Pembentukan ATP tambahan dapat berasal dari
lintasan elektron dan pengangkutan H+ yang tidak sepenuhnya terkait
dengan lintasan nonsiklik. Lintasan ini melibatkan PS I, ferredoksin, kompleks
sitokhrom b6 dan f, PQ dan PC (plastocianin),
tetapi tidak melibatkan PS II. Karena elektron dibawa dari P700 dan
akhirnya kembali lagi ke P700, maka lintasan ini disebut sebagai
Lintasan Pengangkutan Elektron Siklik. Penyerapan dua foton menyebabkan dua elektron
akan diangkut (berkeliling dari dan ke P700) dan menyebabkan dua H+
dihantar masuk ke saluran thilakoid sebagai hasil dari oksidasi PQH2.
tidak ada molekul air yang dipecah, karena PS II tidak terlibat dan juga tidak
ada NADPH yang terbentuk dari lintasan pengangkutan elektron ini, tetapi ATP
akan dihasilkan oleh CF sebagai akibat dari penurunan pH saluran membran
thilakoid. Pembentukan ATP melalui lintasan pengangkutan elektron siklik ini
disebut fotofosforilasi siklik.
Secara kuantitatif, jika 8 foton
terlibat untuk kedua fotosistem akan dihasilkan 8 H+ melalui
lintasan nonsiklik dan jika 4 foton lagi hanya diserap oleh PS I dan
menghasilkan 4 H+ tambahan, maka 12 foton tersebut akan menghasilkan
12 H+ di dalam saluran thilakoid. Jika 3 H+ dibutuhkan CF
untuk membentuk satu molekul ATP, maka 12 H+ cukup untuk mensintesis
4 molekul ATP. Dibutuhkan lebih dari 3 ATP untuk mengkonversi satu molekul CO2
menjadi karbohidrat dan pengukuran langsung pada daun menunjukkan bahwa 12
foton dibutuhkan untuk mereduksi setiap molekul CO2. Berdasarkan uraian ini, maka persamaan
fotosintesis dapat ditulis dengan menyertakan kebutuhan minimum 12 foton.
CO2
+ 2 H2O + 12 foton à (CH2O)
+ O2 + H2O
ATP
dan NADPH tidak dimasukkan pada persamaan fotosintesis di atas, karena
pembentukannya diimbangi dengan penggunaannya dalam reduksi CO2.
Protein dan asam nukleat membutuhkan lebih banyak ATP dibandingkan dengan
polisakarida. Protein dan asam nukleat ini lebih banyak terdapat pada sel-sel
yang aktif tumbuh dibandingkan dengan pada sel-sel dewasa. Pada sel-sel dewasa
lebih banyak polisakarida yang terkandung.
BAB III
PENUTUP
1. Kesimpulan
Tumbuhan
sebagai salah satu komponen mahluk hidup, tentunya akan melakukan proses
kehidupan seperti pertumbuhan dan perkembangan. Proses hidup pertumbuhan tersebut, tentunya dilakukan oleh
struktur penyusun tubuh tumbuhan secara anatomis dan fisiologis. Proses fisiologi tumbuhan
yang sangat penting dalam penyediaan bahan organik sebagai bahan metabolisme
adalah proses fotosintesis. Kemampuan ini salah satunya dintentukan oleh
ketersedian cahaya untuk mampu melakukan eksitasi
elektron dalam proses fotosistem II yang akan didistribusikan kepada fotosistem
I. Elektron tersebut didapatkan dari hasil pemecahan unsur air, sehingga akan
dihasilkan adanya oksigen. Cahaya yang begitu penting diserap oleh klorofil
yang ada di organ daun dan di dalam organel sel yang namanya plastida. Spektrum
cahaya yang mampu diserap hanyalah cahaya yang tampak.

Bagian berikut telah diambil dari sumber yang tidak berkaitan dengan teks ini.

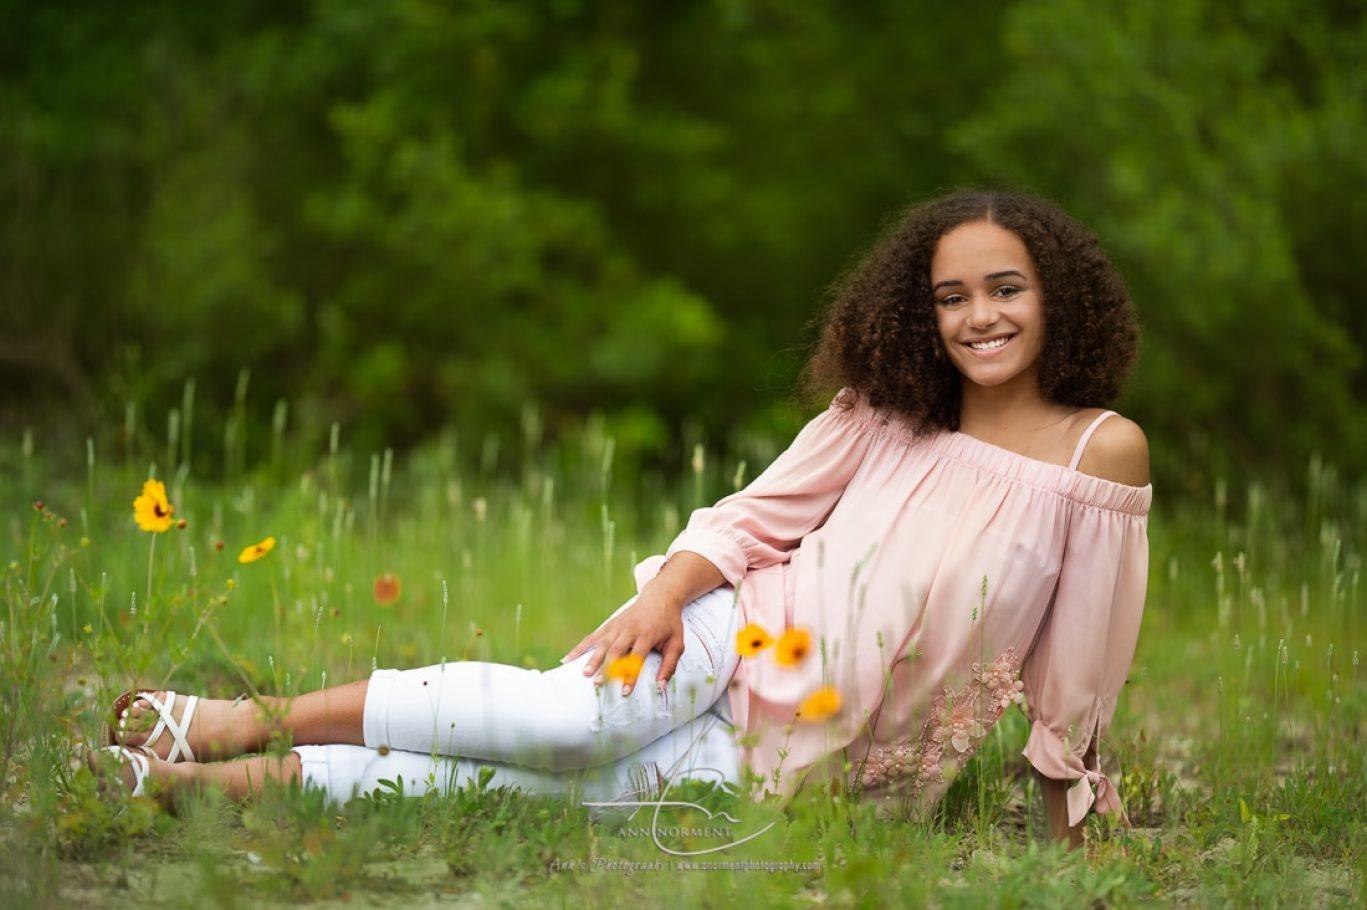 Senior Portraits, Senior Pictures, Photographer, Fort Mill SC, Lake Wylie SC, Rock Hill SC, Indian Land SC, Lancaster SC, Ballantyne NC, Waxhaw NC, Charlotte NC, Weddington NC

Anabolisme yang disebut fotosintesis tersebut
dipengaruhi oleh faktor-faktor baik yang bersifat internal maupun yang bersifat
eksternal. Kecepatan fotosintesis tentunya akan dinamis tergantung pada tingkat
pengaruh faktor internal dan eksternal. Faktor eksternal atau lazim dikatakan
faktor luar/lingkungan terdiri dari konsentrasi karbondioksida, persediaan air,
intensitas cahaya dan suhu. Meskipun demikian pentingnya faktor-faktor
tersebut, namun faktor yang berasal dari diri tumbuhan itupun (internal) tidak
kalah pentingnya yaitu seperti resistensi di dalam daun terhadap difusi gas
bebas, penimbunan hasil fotosintesis, lebar daun dan tebal daun.
2. Saran
Kami mengharapkan adanya proses
diskusi dalam perkuliahan akan lebih efektif dengan adanya makalah ini dan
tentunya suasan diskusipun diharapkan memberikan suasan pembelajaran yang lebih
konstruktif dan produktif.
Daftar Rujukan
Dardjat S, Siregar A H. 1990. Dasar-dasar
Fisiologi Tumbuhan. Bandung: Institut Teknologi Bandung. hlm 18-32.
Loveless A R. 1991. Prinsip-Prinsip
Biologi Tumbuhan Untuk Daerah Tropik 1. Jakarta: PT Gramedia Pustaka Utama.
hlm: 48, 141, 148, 161-163.
Salisbury F B, Ross W R. F. 1992. Fisiologi
Tumbuhan Jilid 1. Bandung: Penerbit ITB Bandung. hlm 30-31.